Why Does Memorial Day Suck In Houston?

Categories: Spaced City
memday052009.jpg
Photo by Paul Keleher
If you've ever lived outside of Texas or the Deep South, you can find yourself asking a simple question: What the hell happened to Memorial Day?

Up north and back east, it's a huge event. Every little town has a parade, there's a ceremony, people really, really look forward to it. (And even the little kids know: Memorial Day, for those who died in wars; Veteran's Day, for those who served.)

Here, not so much.

We're not as bad as some places in the Deep South, where it was only somewhat recently that kids even got the day off from school. That'll happen with a holiday declared by Abraham Lincoln. (Although we've never noticed any Dixie reluctance about Thanksgiving.)

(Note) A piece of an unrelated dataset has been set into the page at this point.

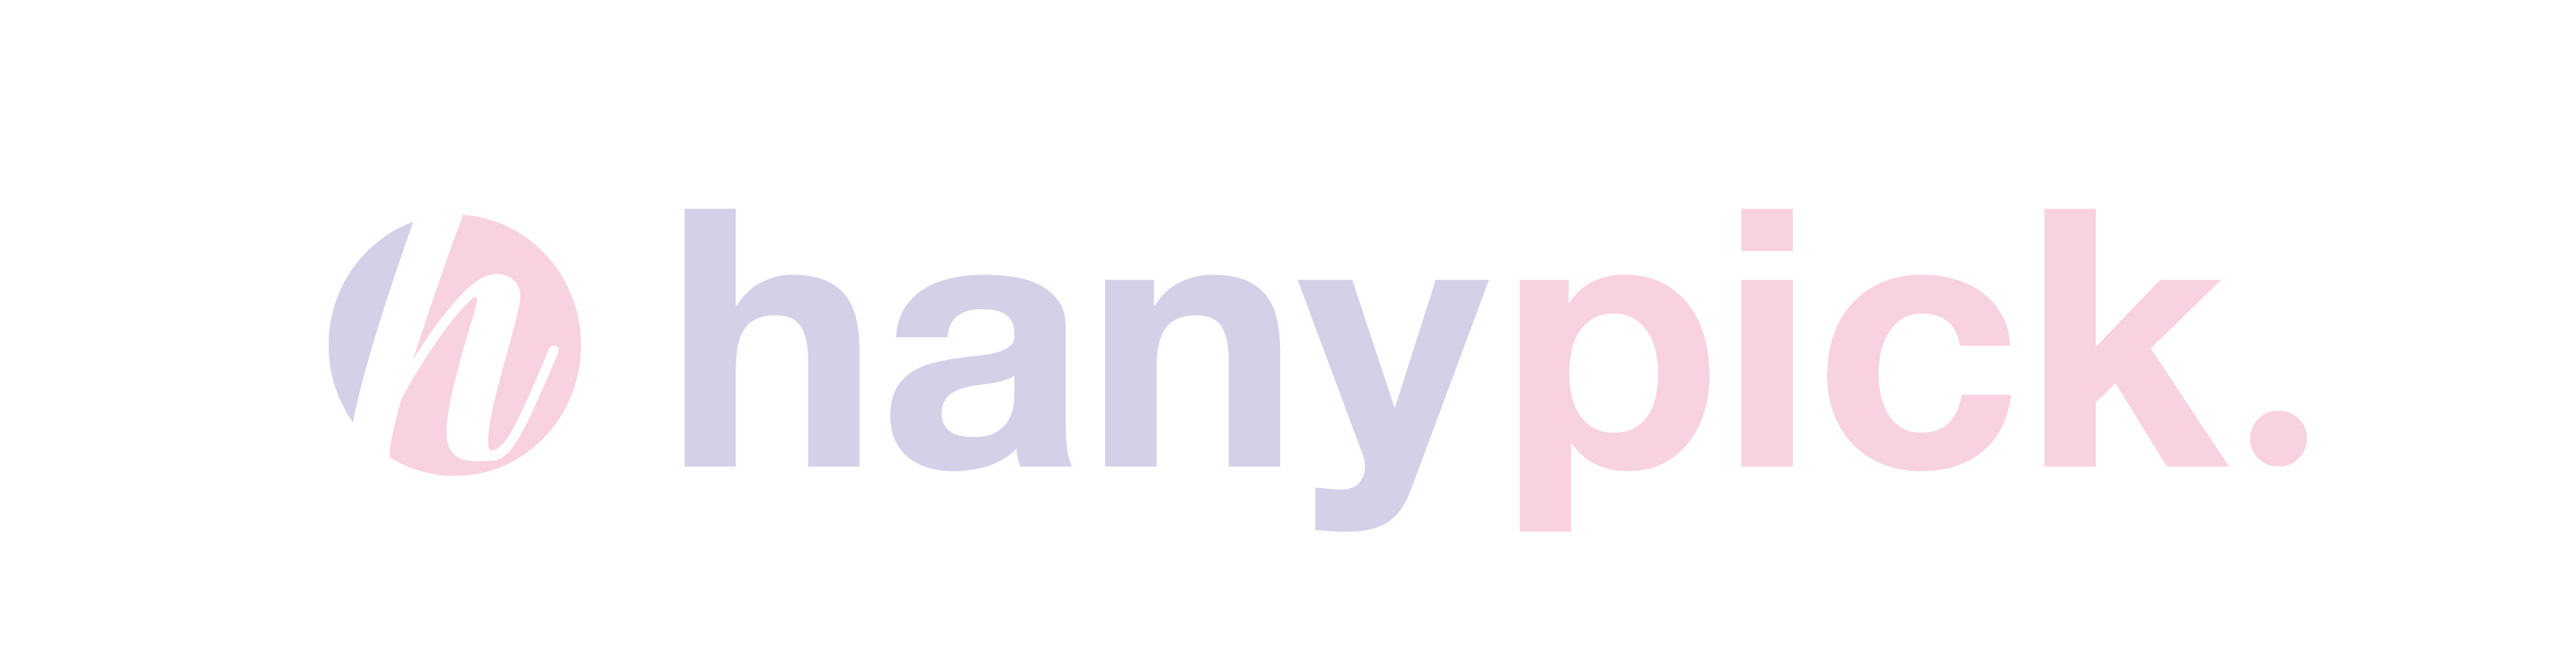 hanypick

To be sure, Houstonians enjoy the three-day weekend, and are probably slipping out of their cubicles by mid-Friday to get started. But why is it such a non-event in Houston?

Two big reasons:

1. Remnants of the Confederate past. Maybe no one today relates Memorial Day to its Civil War roots, but their parents or grand-parents did. Just like you find a lot more high schools named after Ulysses S. Grant in the north than you do in the south, the subtle traces of The War of Northern Aggression remain. Generations in Texas and the Southland haven't passed down the tradition of celebrating Memorial Day, so it's hard for people to suddenly pick it up now.

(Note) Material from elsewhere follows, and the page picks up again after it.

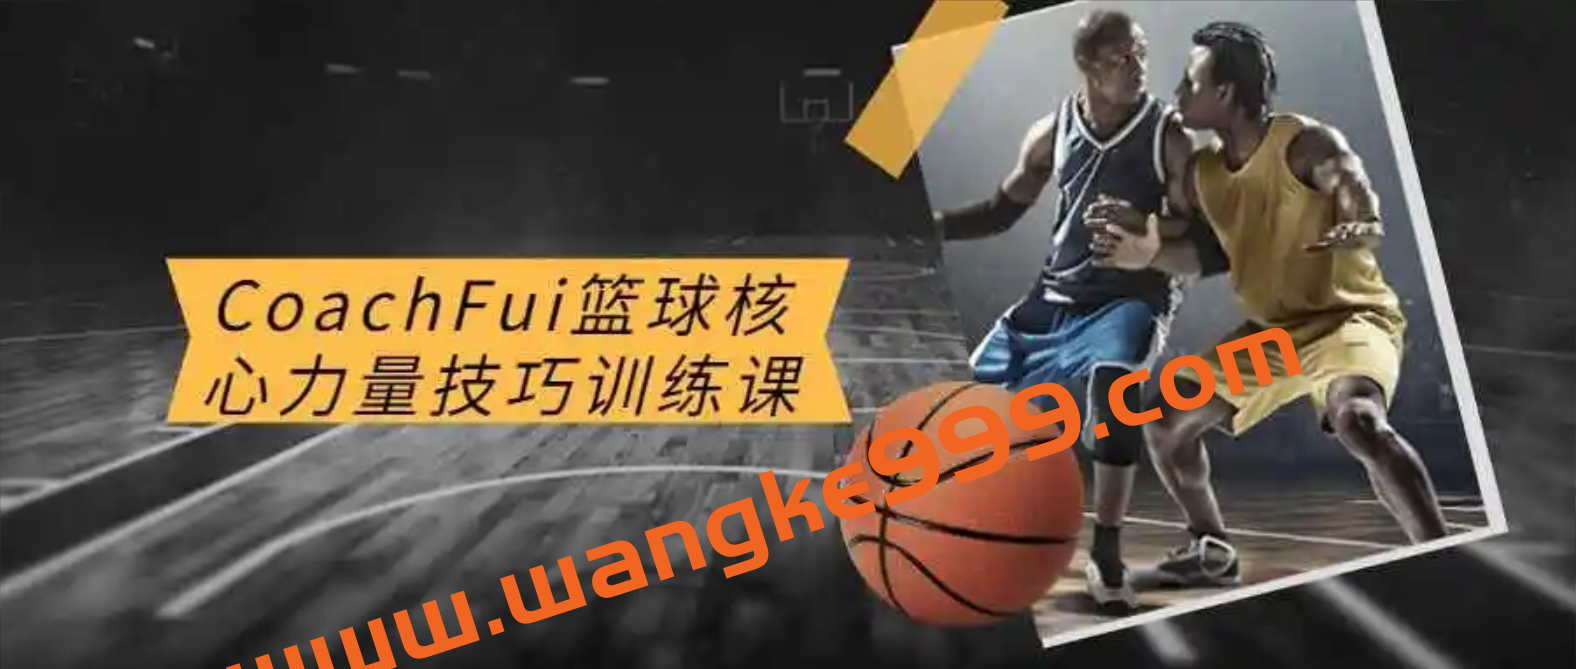 CoachFui：篮球核心力量技巧训练課程插图

2. It doesn't mark the unofficial "Start of Summer." Up in colder climes, St. Patrick's Day marks the beginning of spring, and Memorial Day is when everyone considers the summer to have begun. Unfortunately, that often results in people freezing themselves close to death in the Atlantic or in some Midwest lake as they try to convince themselves summer has begun; the water temperatures don't always agree. Here in Houston, summer starts about...well, right around St. Patrick's Day, come to think of it.

To sum up: Houston, you love your slave days, and you're too damn hot.

That may overstate it, but it is a fact that the holiday is very different here. Of course, some people still go to military graves, or they do something to "support the troops."

But there's no dramatic and long-awaited uncovering of the (above-ground) pool, no elaborate picnics, no Little League teams and Girl Scout troops marching down suburban streets.

Frankly, unless you're marching in one of those parades, they're not that fun. So you've got that going for you, Houston.